Molecular Pathology: Integrated Diagnosis
The taxonomy of the WHO CNS5 innovatively improves the weighting of non-histopathological parameters, such as molecular pathology. Therefore, we reserved an input window (Fig. 2a) for users to provide molecular pathological parameters in the future. The system will automatically integrate the input diagnostic information through a built-in decision tree (Fig. 2b). Integrated diagnosis of all slides could be found in Supplementary material 4.
Evaluation Metrics
A confusion matrix is used to describe the performance of the analysis unit. Accuracy, sensitivity and specificity are used to evaluate the resolving power of each category, and the arithmetic means of the accuracy, sensitivity and specificity of each category are used to show the overall performance of the model. The confusion matrix is segmented to analyze each category[28] (Fig. 3c). The metrics are defined as follows:
Accuracy_type =\(\frac{{Nt}_{TP}+{Nt}_{TN}}{{Nt}_{TP}+{Nt}_{FP}+{Nt}_{TN}+{Nt}_{FN}}\)
Sensitivity_type =\(\frac{{Nt}_{TP}}{{Nt}_{TP}+{Nt}_{FN}}\)
Specificity_type =\(\frac{{Nt}_{TN}}{{Nt}_{TN}+{Nt}_{FP}}\)
Accuracy_overall =\(\frac{1}{T}\bullet {\sum }_{t=1}^{T}\frac{{Nt}_{TP}+{Nt}_{TN}}{{Nt}_{TP}+{Nt}_{FP}+{Nt}_{TN}+{Nt}_{FN}}\)
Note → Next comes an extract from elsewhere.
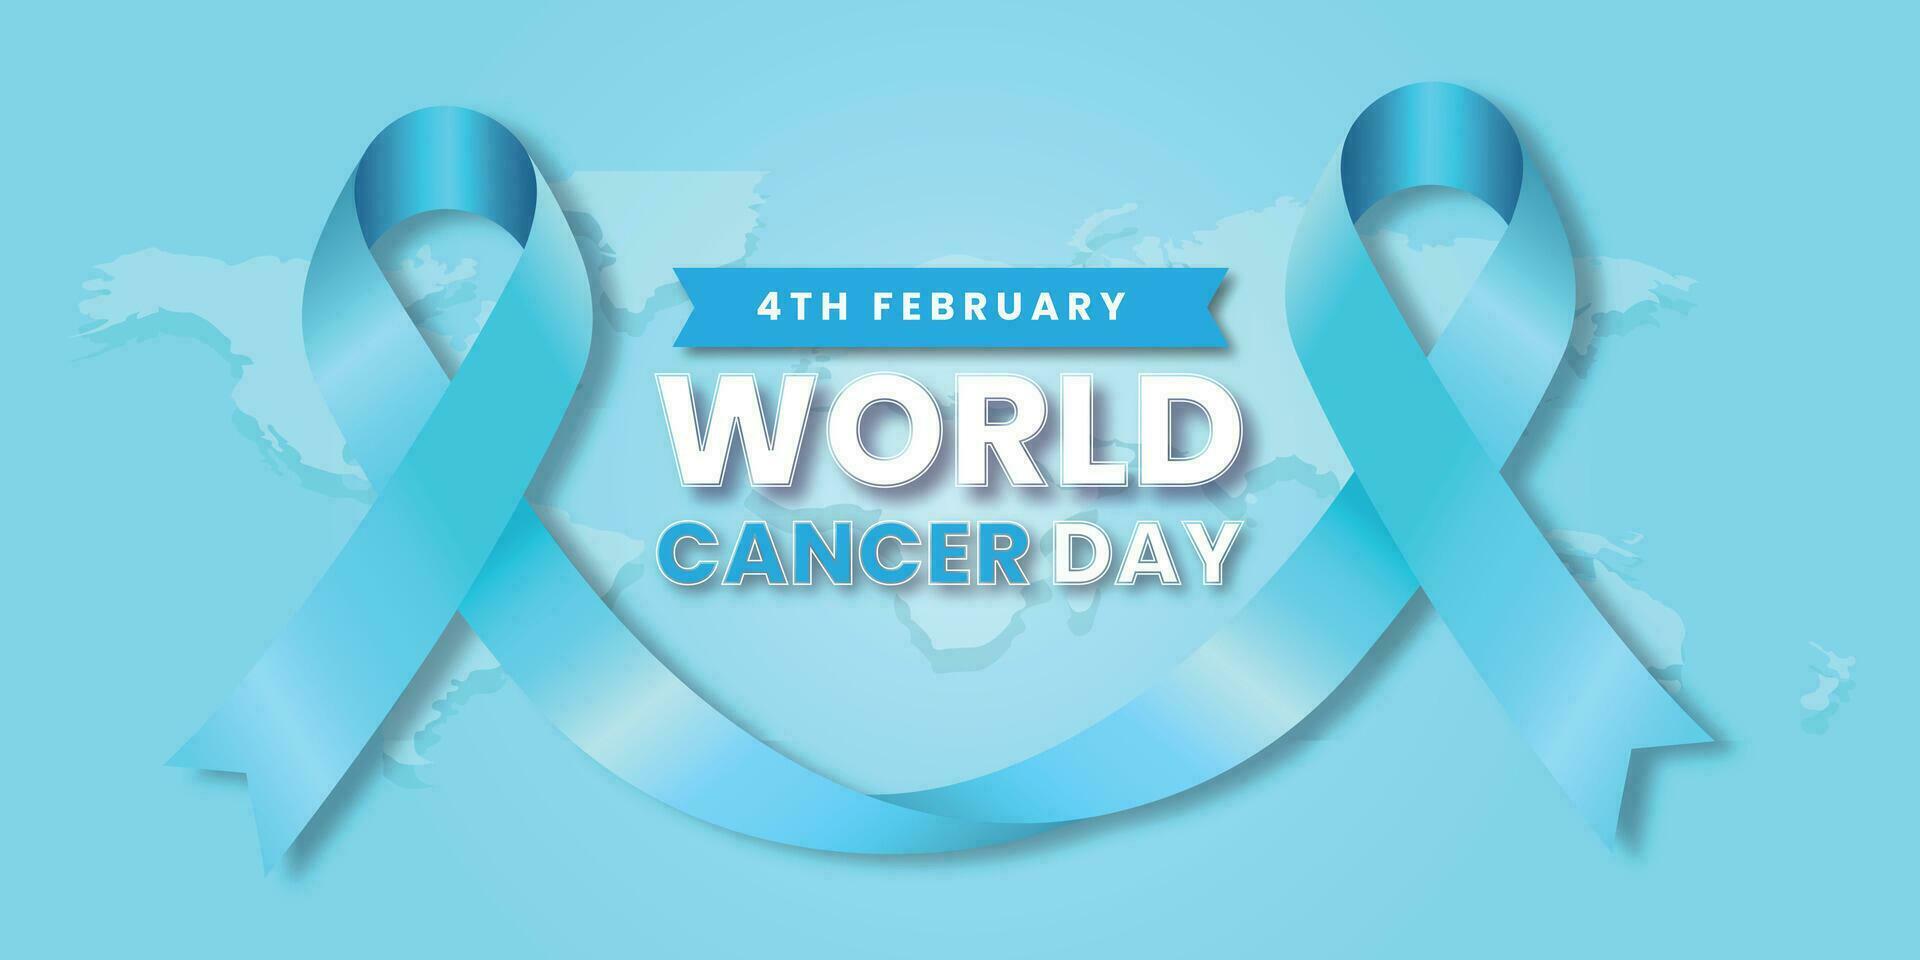 World Cancer Day. Calligraphy Poster Design. Realistic Blue Ribbon. February 4 th is Cancer Awareness Day. Vector Illustration

Sensitivity_overall =\(\frac{1}{T}\bullet {\sum }_{t=1}^{T}\frac{{Nt}_{TP}}{{Nt}_{TP}+{Nt}_{FN}}\)
Specificity_overall =\(\frac{1}{T}\bullet {\sum }_{t=1}^{T}\frac{{Nt}_{TN}}{{Nt}_{TN}+{Nt}_{FP}}\)
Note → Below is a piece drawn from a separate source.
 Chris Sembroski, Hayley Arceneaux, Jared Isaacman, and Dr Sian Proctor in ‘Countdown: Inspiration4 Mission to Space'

where \({Nt}_{TP},{Nt}_{FP},{Nt}_{TN},{Nt}_{FN}\)represent the number of true positives, false positives, true negatives, and false negatives of each type, respectively. T represents the total number of types; thus, T = 9 in this study.
Prototype Packaging And Time Period Test
Based on the WSI scanner used in the study, we optimized the using process and built a scanning module. The pMIL model and the auxiliary functions were packaged to form the kernel diagnosis module. The information management module included images storage, diagnostic information integration and display functions. These three components were packaged to form the HAS-Bt. We evaluated the time consuming for the operation of HAS-Bt through the independent testing set. The 268 slides were run on the system. Timer were started when slide was settled on the system. Totally three path points were recorded. A researcher who has not participated in prototype development was responsible for recording.